**Data excerpt**
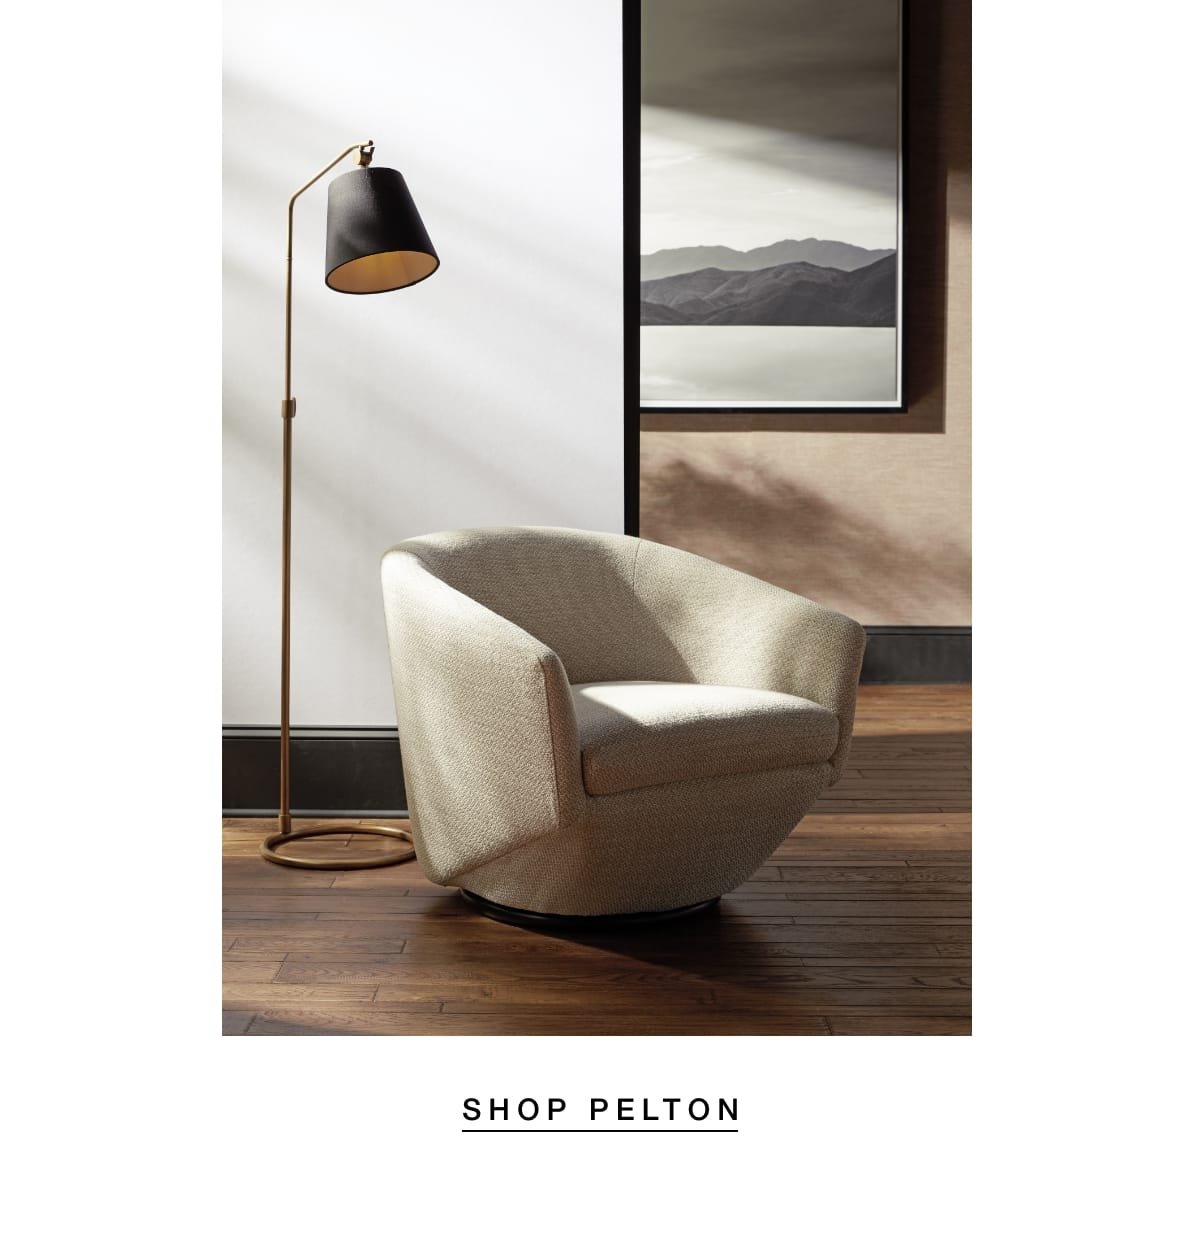 Shop Pelton
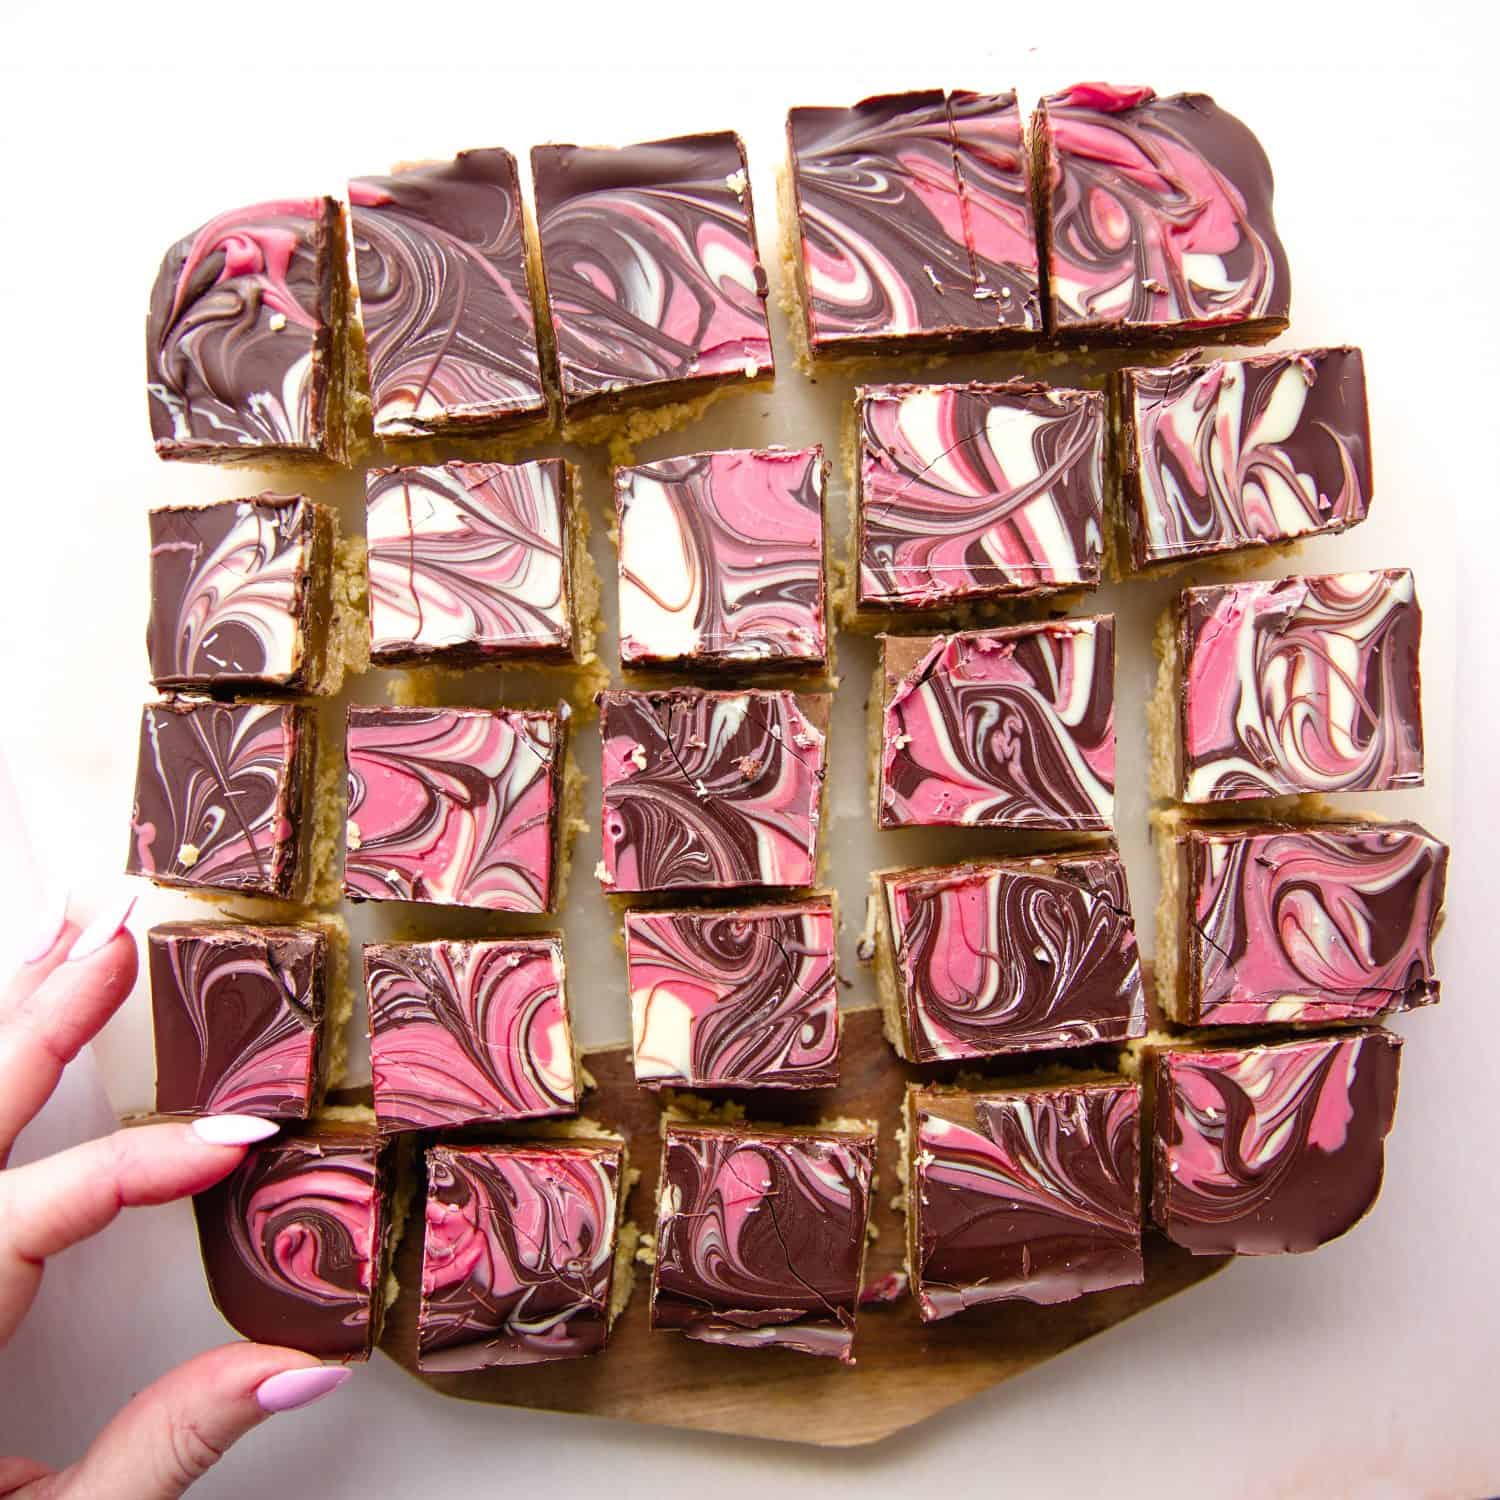 A slab of millionaire caramel shortbread cut into individual slices
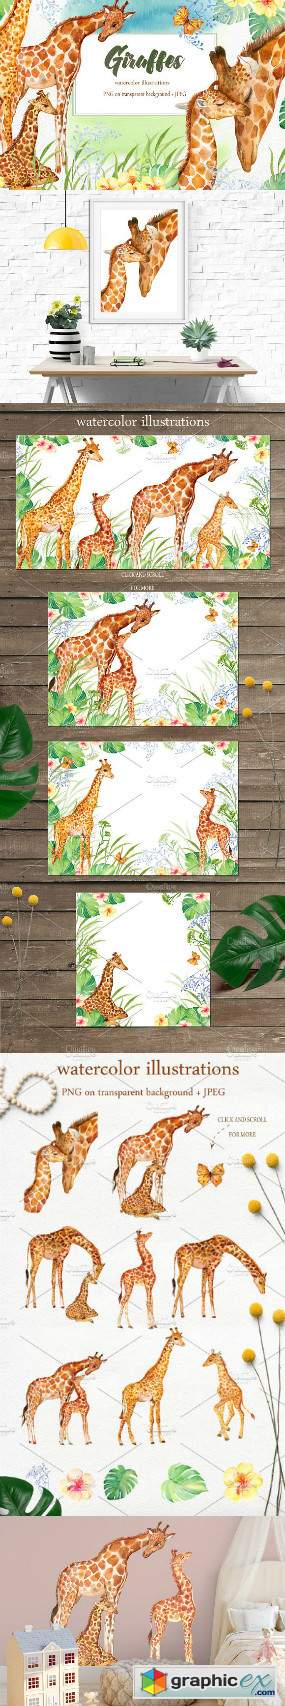 Giraffes watercolor illustrations

**Action item**
For this exercise, transcribe the data above line by line, exactly, with pictures omitted.

**Problem solution**
 Shop Pelton
 A slab of millionaire caramel shortbread cut into individual slices
 Giraffes watercolor illustrations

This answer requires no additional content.